Symphonies are my favorite genre. But there's one thing that irks me about them: the extreme variation in loudness. I know that it has its purpose and artistic function, but sometimes it's really a problem. The symphony starts very softly so I turn my volume to a high degree, so that I can actually hear anything, and then after a while BOOM - I am waking up entire neighborhood and risking damage to my eardrums. OK, I am exaggerating, but you get the point?

How do you deal with it?

BTW, I generally prefer symphonies with less extreme variability in loudness.

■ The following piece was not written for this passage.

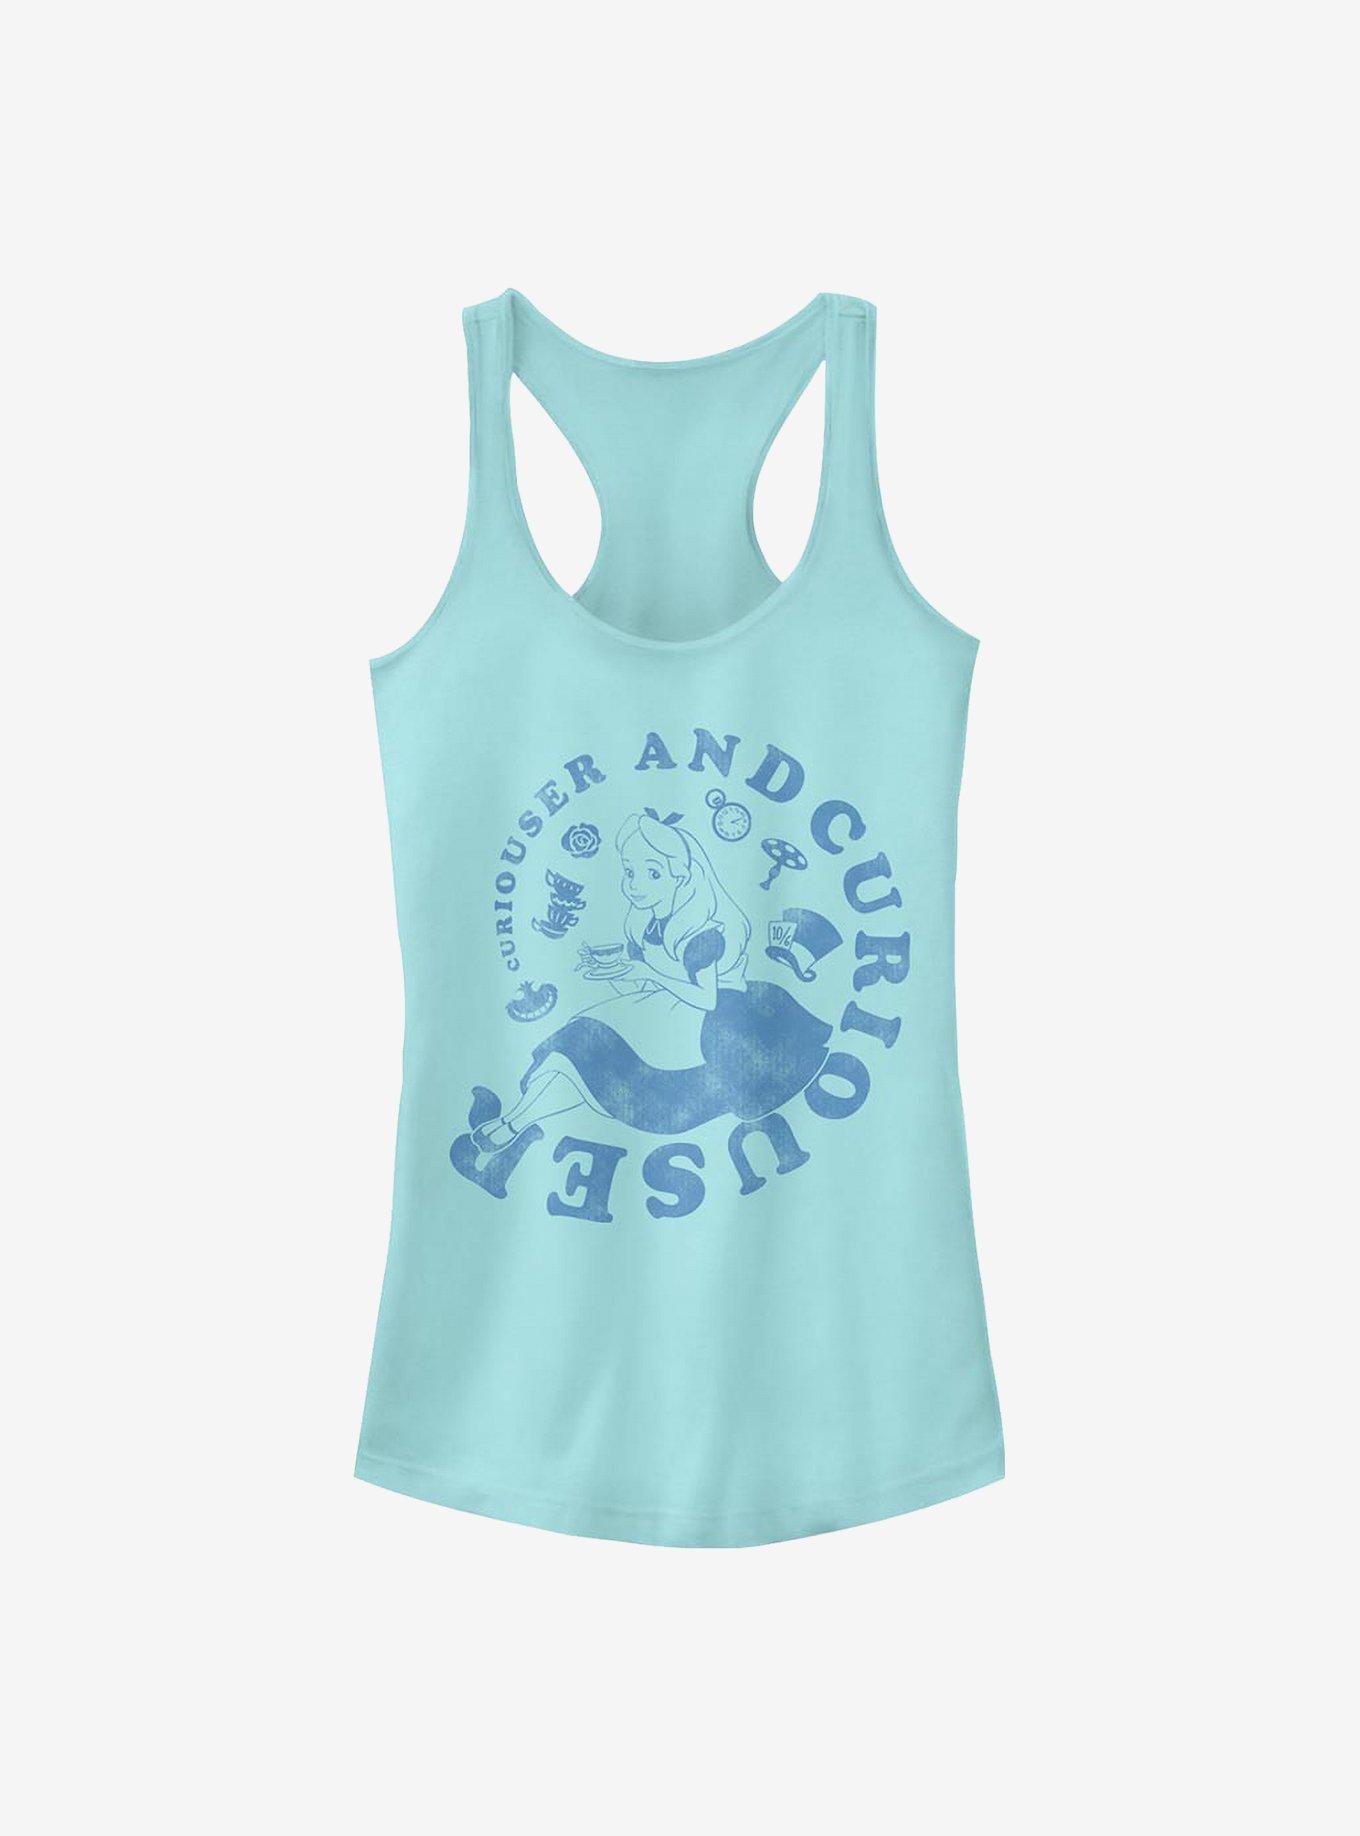 Disney Alice In Wonderland Alice Curiouser And Curiouser Girls Tank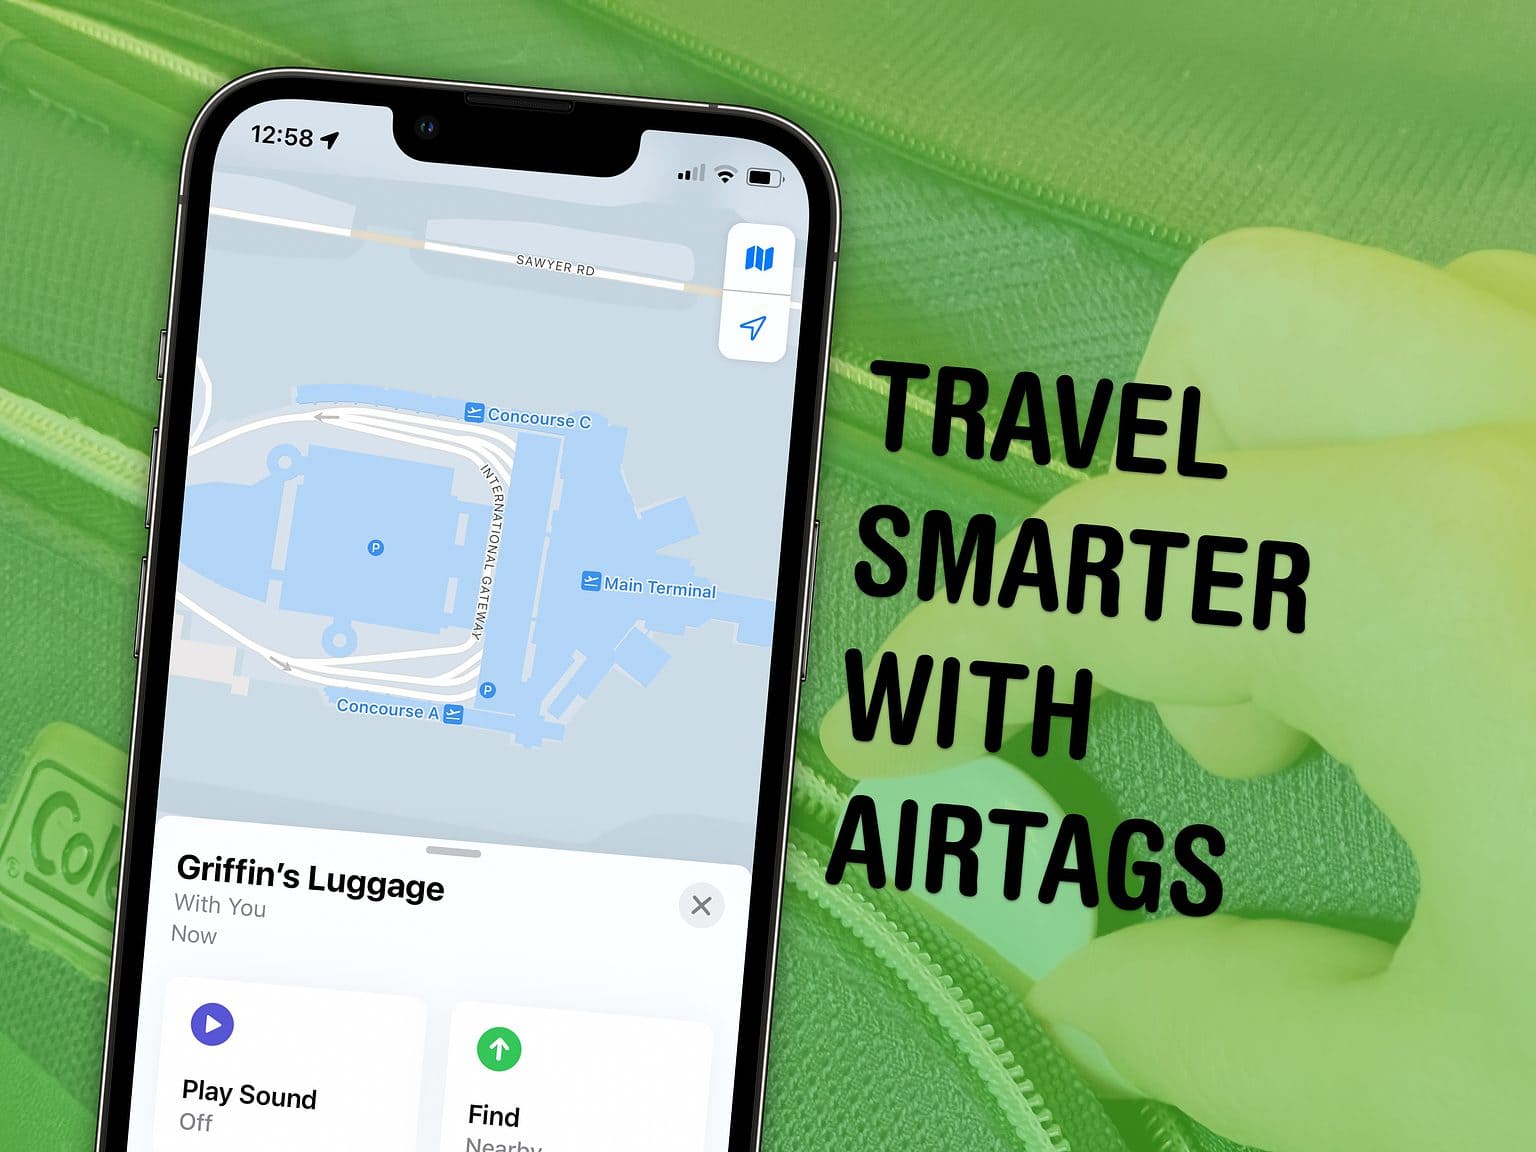 Travel smarter with AirTags

And I hate it when I need to turn volume up or down in the middle of the work, because I think that any intervention on the work while it's playing is destroying its structure and integrity. Sometimes I gotta do it anyway, though.


----------



## Kieran (Aug 24, 2010)

Yeah, Schubert is blushing a bit now, deservedly so. The maestro of music that’s often so low on the scale, you’d wonder if the primitive recording machines of the 30’s had picked it up, then soon as I turn the volume up to hear, I’m thrown back down on the carpet, eardrums bleeding and lips pale, gasping and reaching for the telephone.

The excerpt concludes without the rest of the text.